The tide had raised our deck to the level of the quay: the clock struck twelve; it was now the anniversary of the birth of my younger son, and we set our feet on the soil of France. The other passengers had announced their intention of going, in a mass, to the English inn, where a part of my family, three months later, found, what was to be expected, high charges; and, what was not to be expected, plenty of bugs. Fearing a contest for beds amongst such a number, (for there were ten or twelve of us,) and the delay of getting them ready for so many, I went to the Hôtel de la Ville du Havre, recommended by Captain Wood, who conducted us thither, roused the sleeping family, introduced, and left us! M. and Madame Marre appeared in night-cap and dressing-gown, very much resembling (I say it with all due respect for very worthy persons,) the caricatures of French physiognomy exhibited in our print-shops. Madame Marre told the chamber-maid to show me the beds: I went up stairs, and on my return was asked if I was contented with what the "bonne" had shown me. I have heard of an old lady who was very much offended by being called good woman; and the expression "la bonne" appeared to me a contemptuous one: such a novice was I, that I looked at the girl to see whether she took it as an affront or a compliment; she was quite unmoved. I told the mistress that the three beds were very good, and desired to see the sheets: they were more than damp; they might be said to be wet: to have them aired at one in the morning was out of the question; our resource was to do without them for that night. I know an English family who, arriving early in the evening at an inn in France, and, as a matter of course, ordering the sheets to be aired, were charged, the next morning, five francs for fire-wood. Our sheets were aired, on the next day, without any instructions on our part to that effect, according to the custom of the country, au soleil.

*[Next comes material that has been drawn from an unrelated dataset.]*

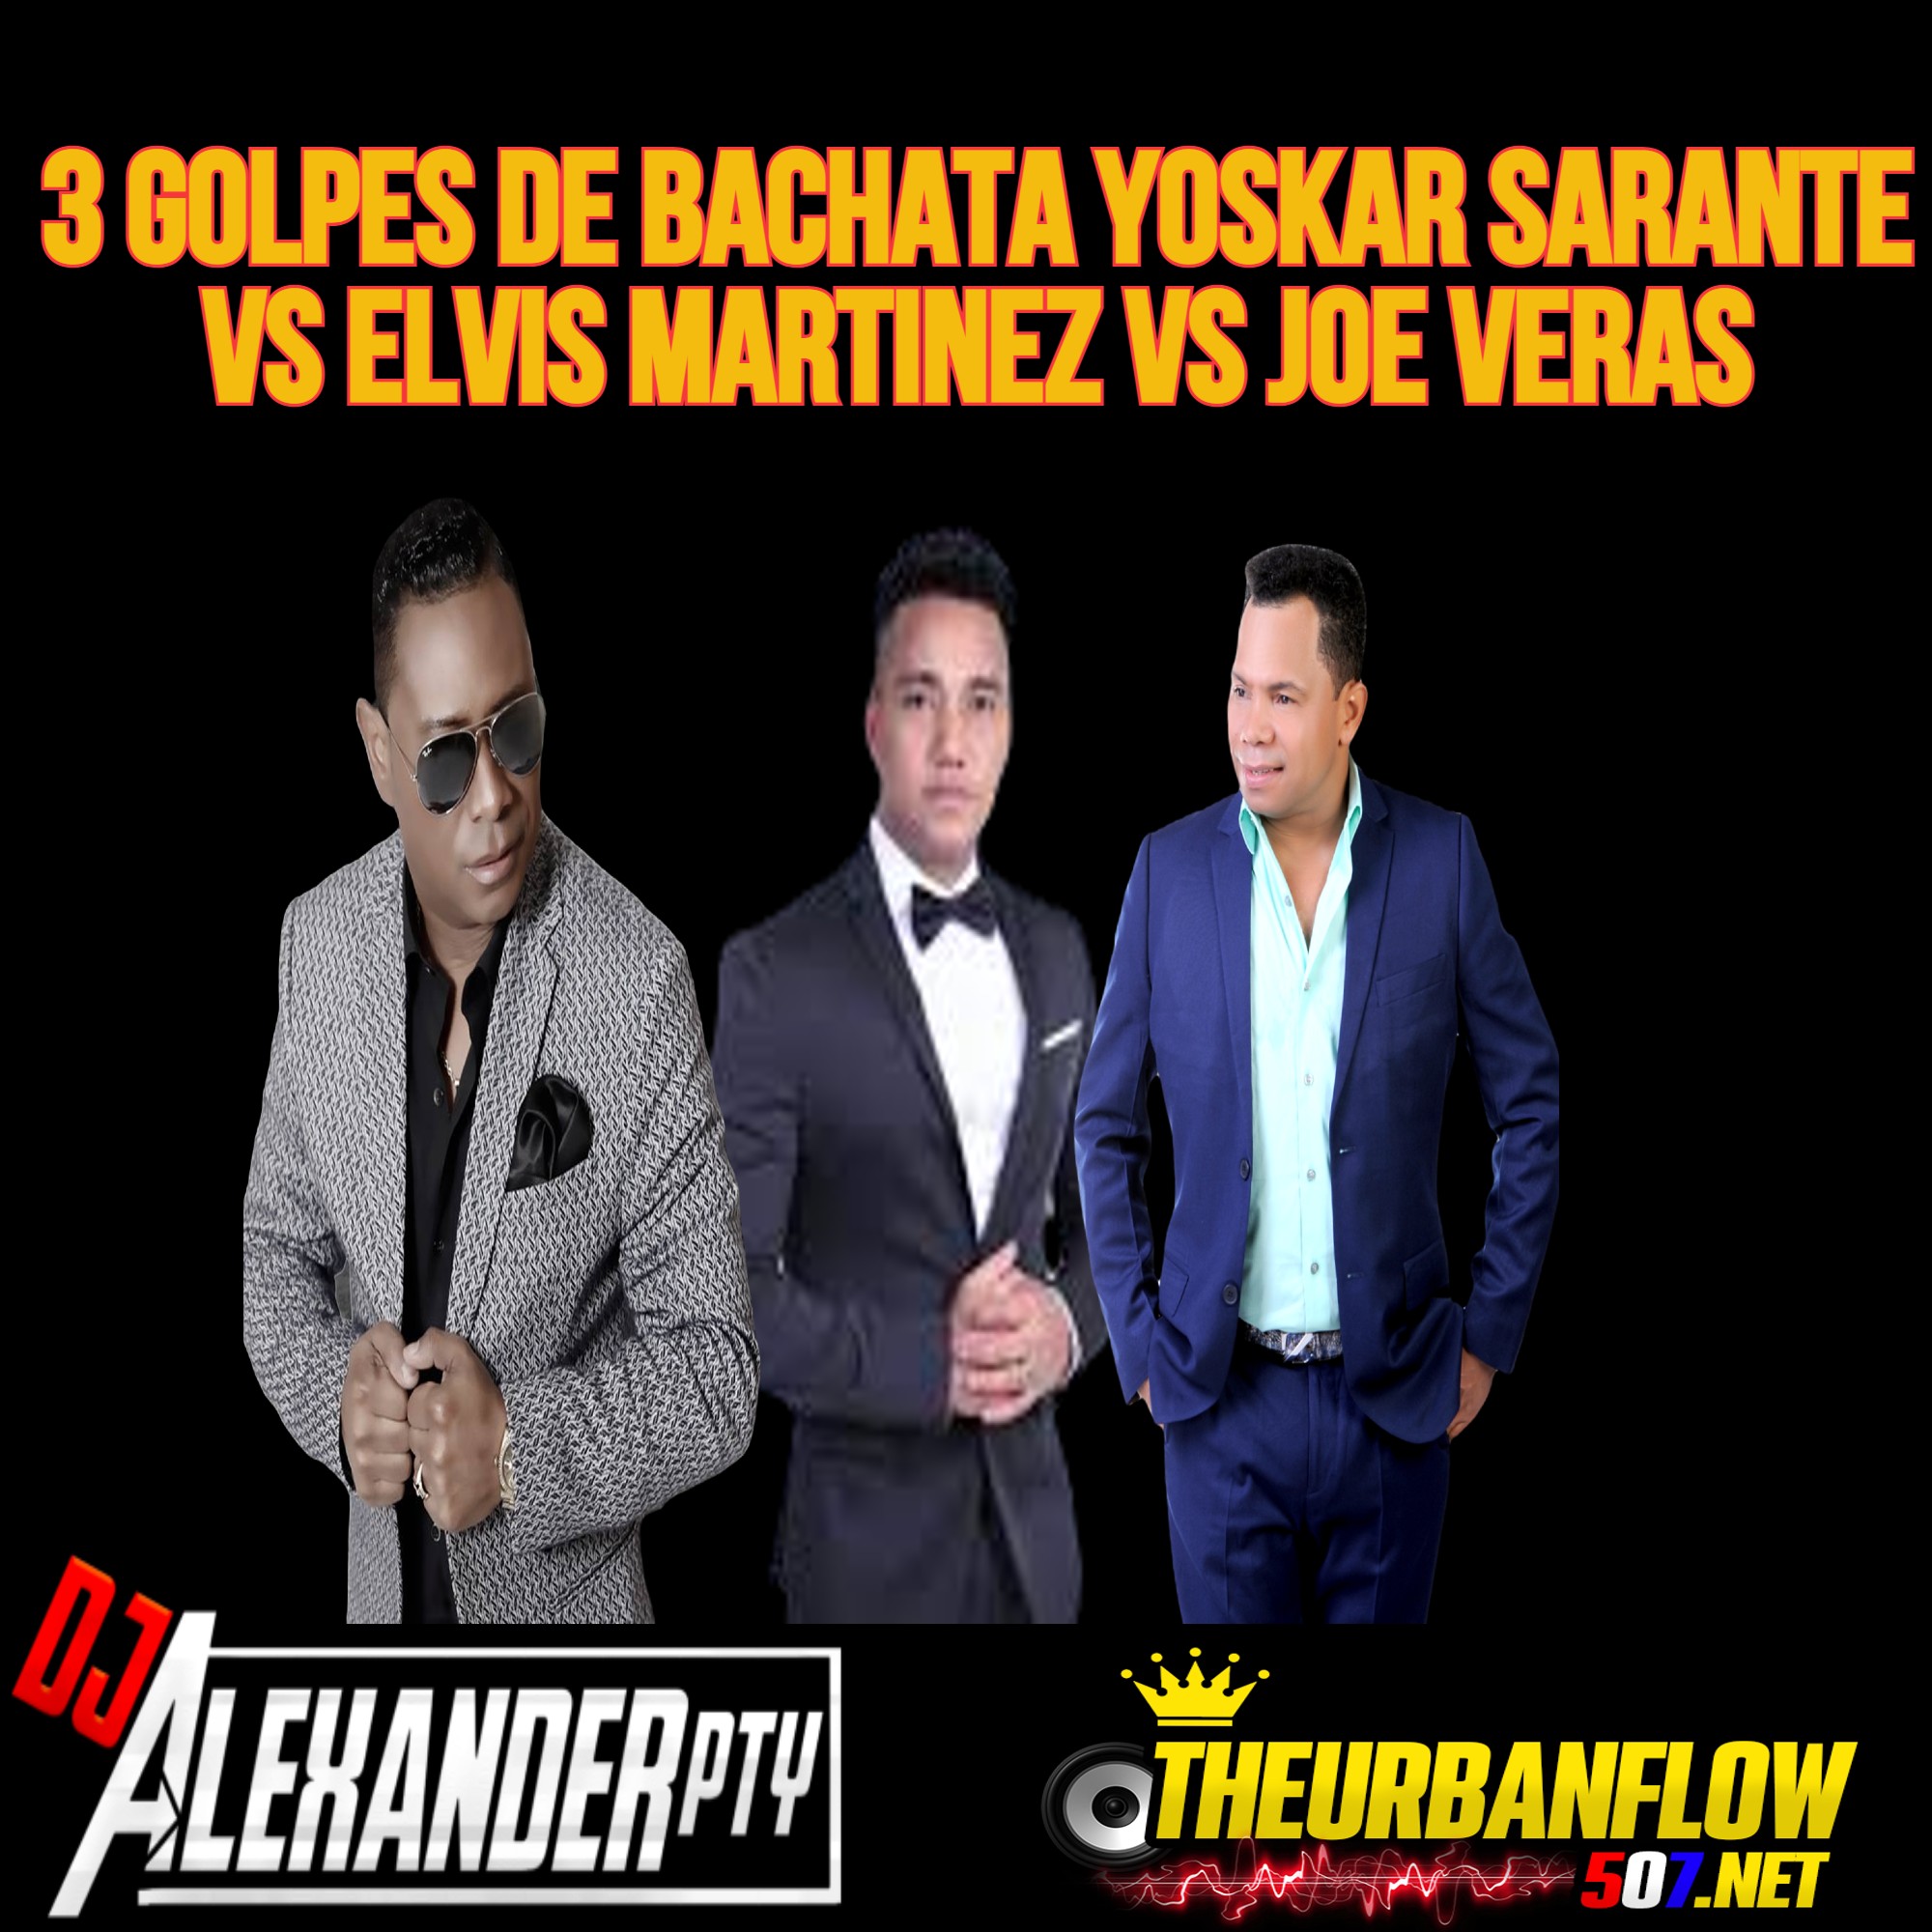 3 GOLPES DE BACHATA YOSKAR SARANTE vs ELVIS MARTINEZ vs JOE VERAS MIX -@DJALEXANDERPTY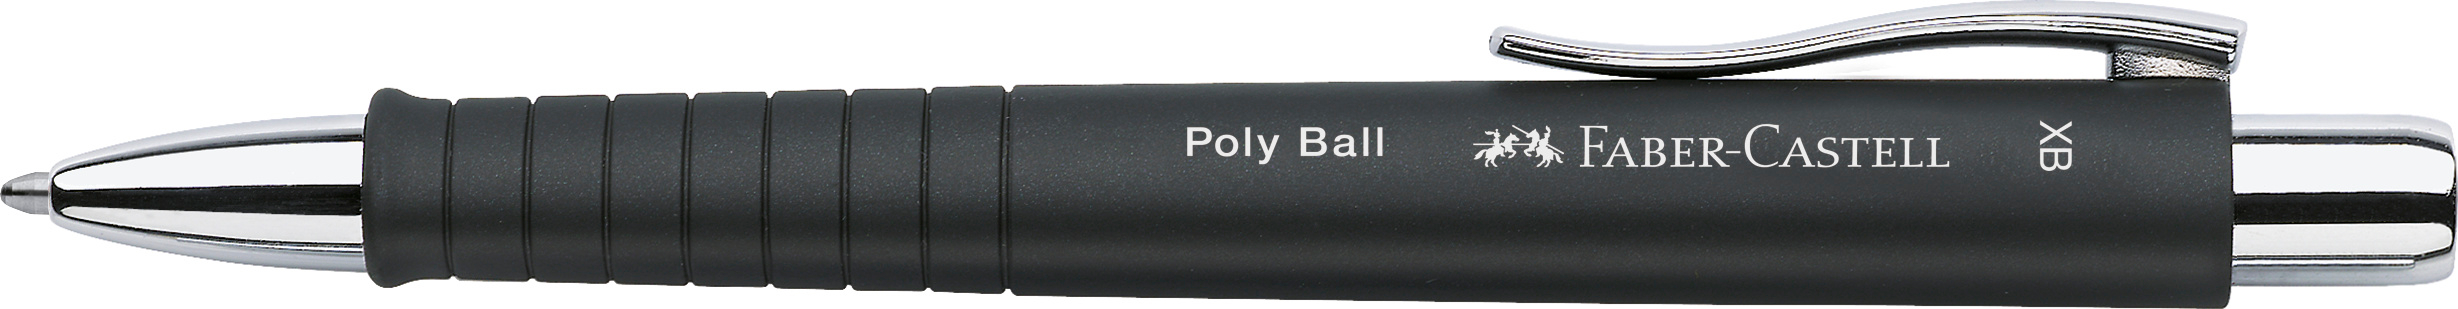 FABER-CASTELL Stylo à bille Poly Ball XB 241153 black

This sun enabled us to sit at an open window during our breakfast: for this meal we had French rolls, excellent Norman butter, and café au lait. The coffee usually served in England is considered by the French as no better than coffee and water; what was now furnished to us was so strong, that, though mixed with an equal quantity of boiling milk, it had more of the taste of coffee than I have found in what was called very good coffee at those splendid and fatiguing assemblies, which the ladies call routs, at Bath and other towns,—where, in order that four persons may amuse themselves at whist in a creditable way, forty others are crowded together for the same laudable purpose.

It was Sunday: we went to mass: the church was crowded to excess: so many churches have been confiscated to the use of the nation, that, in the great towns, not enough of them remain for the use of the people. We went to the port to inquire after our trunks: it was low water; and our packet-boat, which rode so high in the night, was now hardly afloat: we went down into it by a ladder, and found that our goods had been sent to the custom-house: thither we bent our steps: the officer attended, a smart young man in a military dress: he ascertained the nature of the contents of my boxes, and the object of my journey, and gave no unnecessary trouble: he talked much of English commerce, and did not affect to conceal his satisfaction that it was "écrasé par les impôts."[7] I ought therefore to believe in the sincerity of his wishes, that my journey in France might be as agreeable and advantageous as I myself desired. I now had to disengage myself from three out of five stout porters, who stood in readiness to bear away my two hair trunks and writing-desk: I told them, two men could carry the whole: they assured me it was impossible. I then endeavoured to get rid of one at least of the five, by placing the writing-desk on one of the trunks, making a civil leave-taking sign, at the same time, to the man who seemed to consider the desk as his share in this weighty matter: the man answered me by a low reverence, and by taking the desk under his arm; the other four seized each the ring of a trunk, and all set off at full speed to the inn. Nothing remained but to follow, and pay them according to their number.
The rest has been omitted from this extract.